The streets of St. Petersburg have transformed into an outdoor banya, except with no snow to cool down in. And I feel like I’m slowly losing my mind as I stew in a pool sweat and mosquitoes inside a stuffy classroom. Russia’s experiencing one of the worst heatwaves in decades — the locals have rechristened the country as Africa. it’s not terrible, in the sense that it hasn’t reached over 100 (at least, in Petersburg, it hasn’t), but keep in mind that it rarely gets this hot. (In other areas, such as Siberia, Moscow, and southern Russia, it gets over 40 C in the shadows.) But it’s terrible in the sense that Russians escape the heat by swimming…and drinking. Unfortunately, in the reverse order. In the past week, there have been over 200 deaths from drinking and drowning. The heat’s also destroyed an absurd amount of crops. Russia’s in a state of emergency, since the heat wave doesn’t look like it’s about to end.

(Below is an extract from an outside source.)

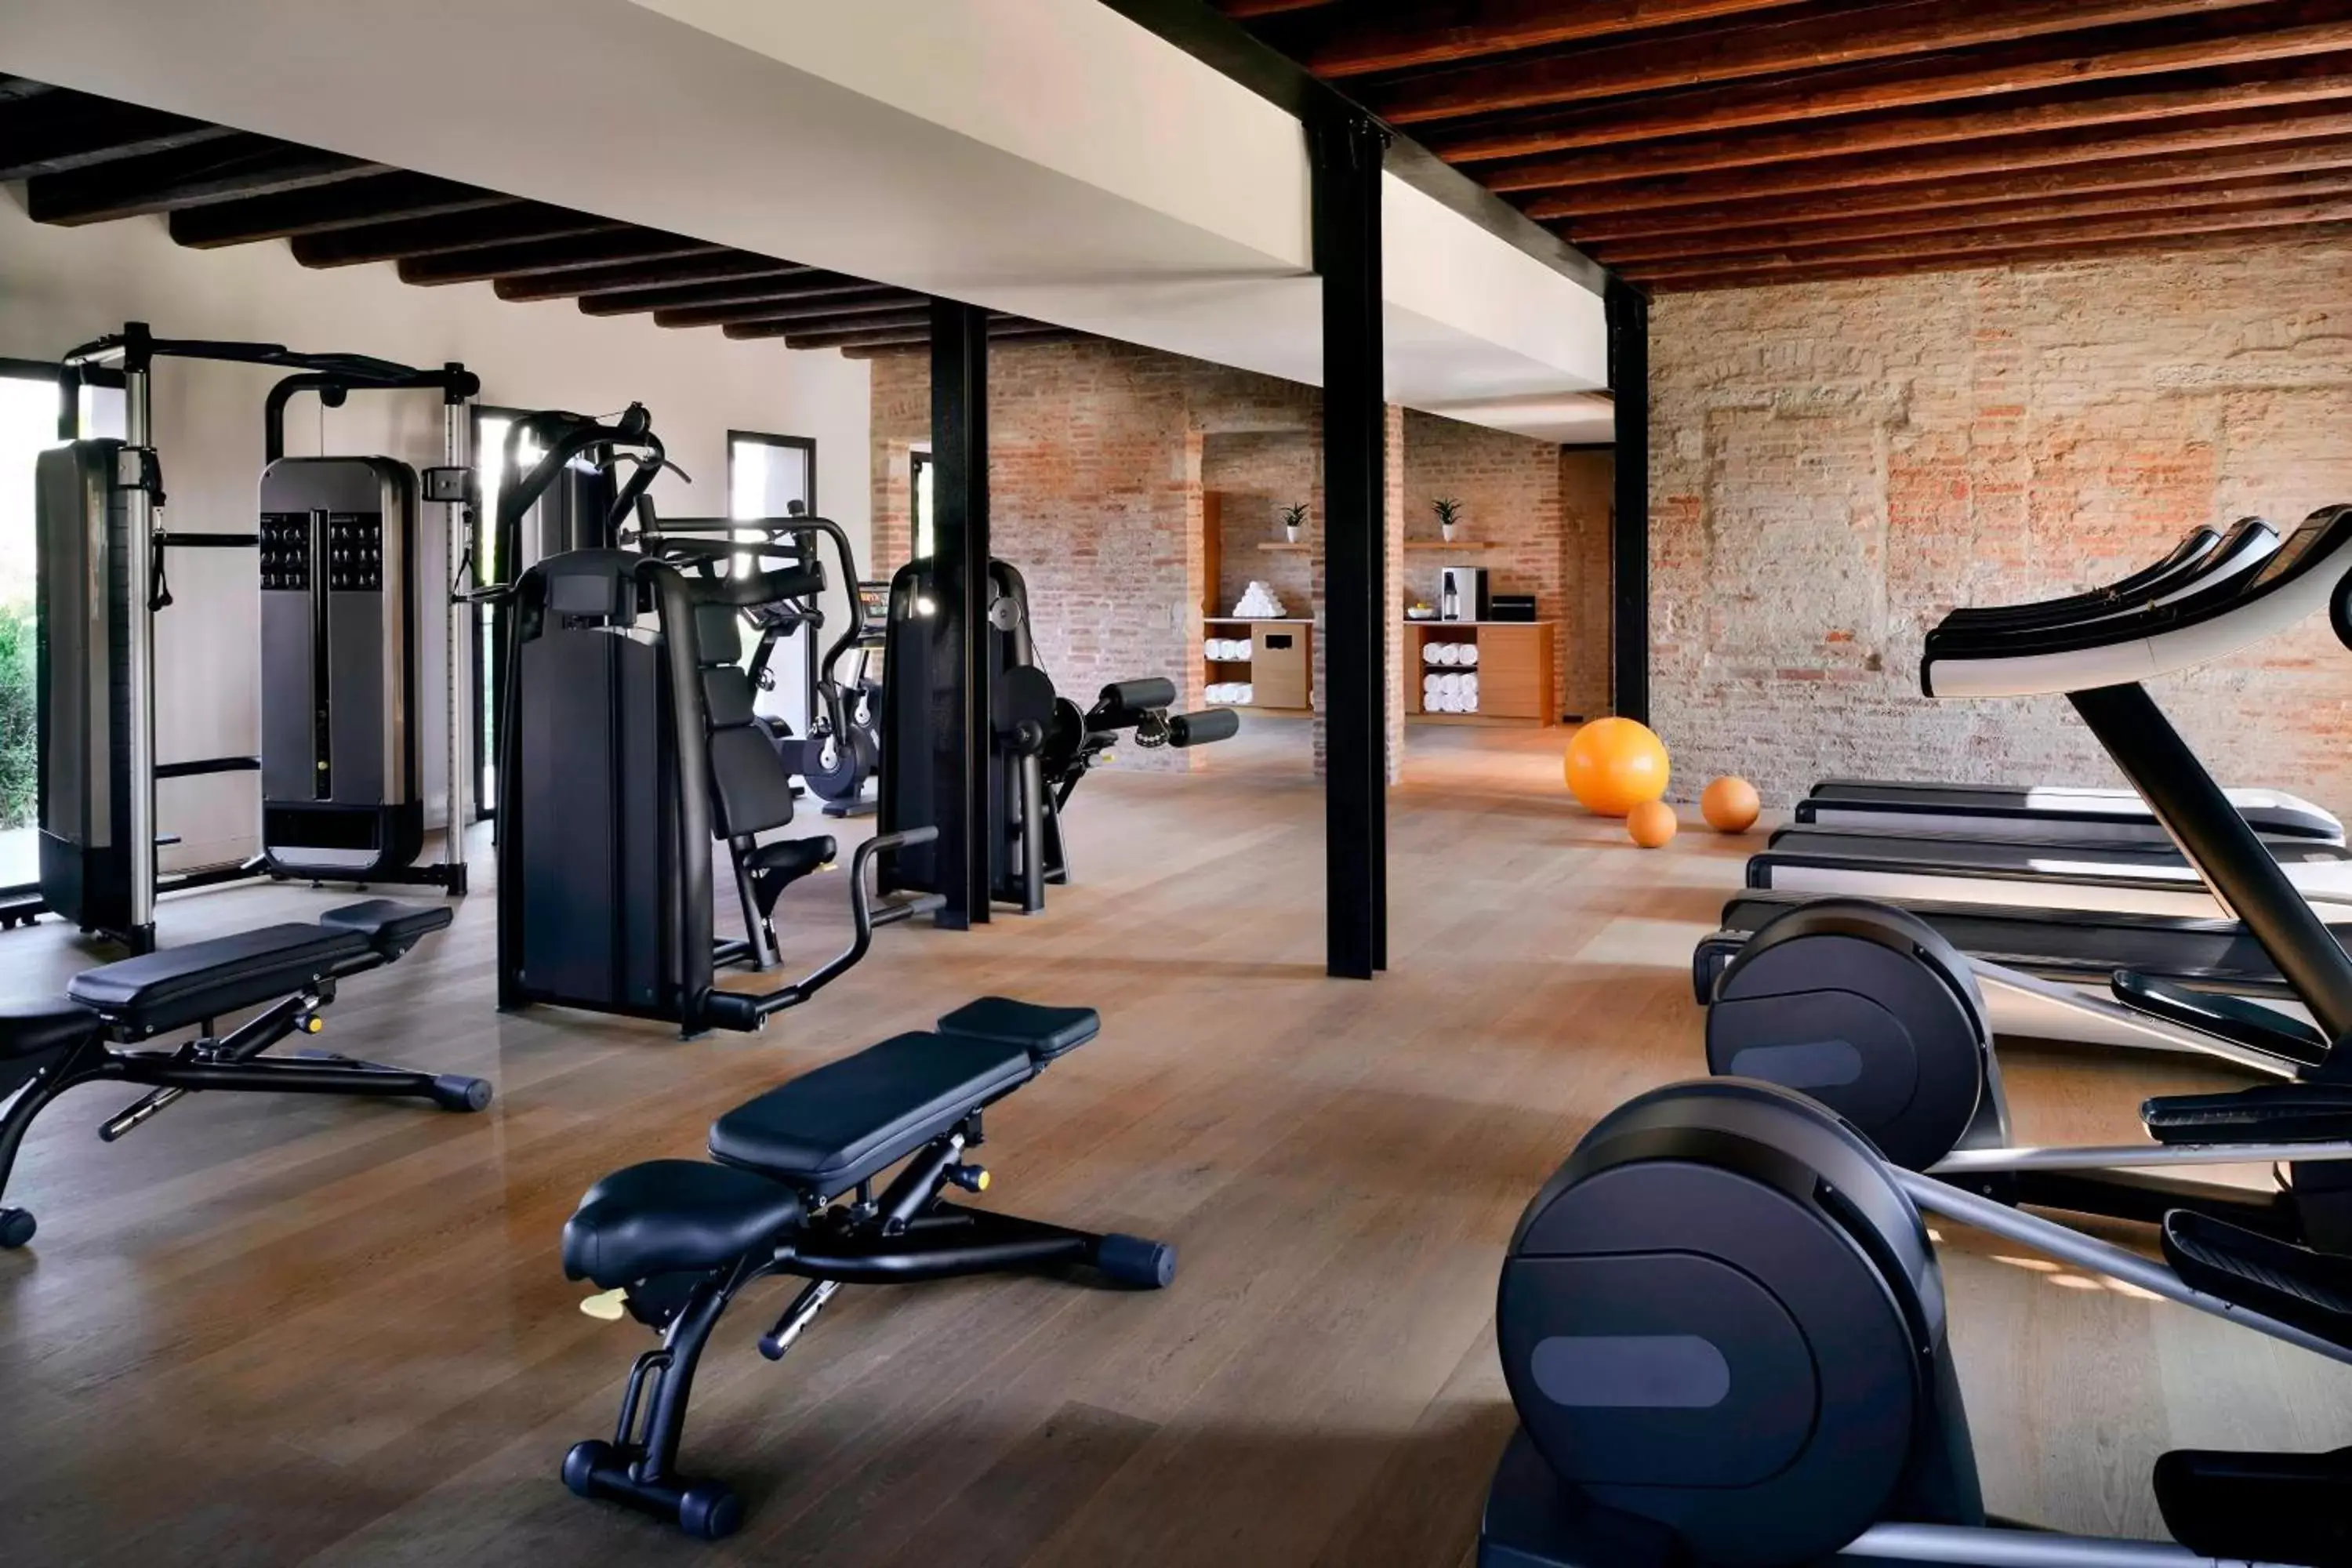 Fitness centre/facilities, Fitness Center/Facilities in JW Marriott Venice Resort & Spa

I would consider this a health crisis — with no end in sight, Russians are still going to take to the beach and arm themselves with alcohol. It’s fun to drink, and it’s even more fun to drink on the beach, so why not? But it’s difficult to gauge how much one is drinking, especially in the tortuous heat. I’m sure that Russians have been drinking and swimming for centuries, but the heat has never been this bad. They just don’t realize how quickly they’re dehydrating and that they’re replenishing themselves with 40 proof alcohol. In June, 1200 people died from drowning, and I can only imagine that the numbers are going to be significantly higher by the end of July.
What’s the solution going to be? Tell Russians to stop drinking? That’s sure as hell not going to happen. Raise the price of vodka again is a possibility, but that would probably just mean that more Russians would turn to good old-fashioned samogon — moonshine. I don’t know. All I know is it’s going to be pretty devastating if the weather doesn’t cool down soon.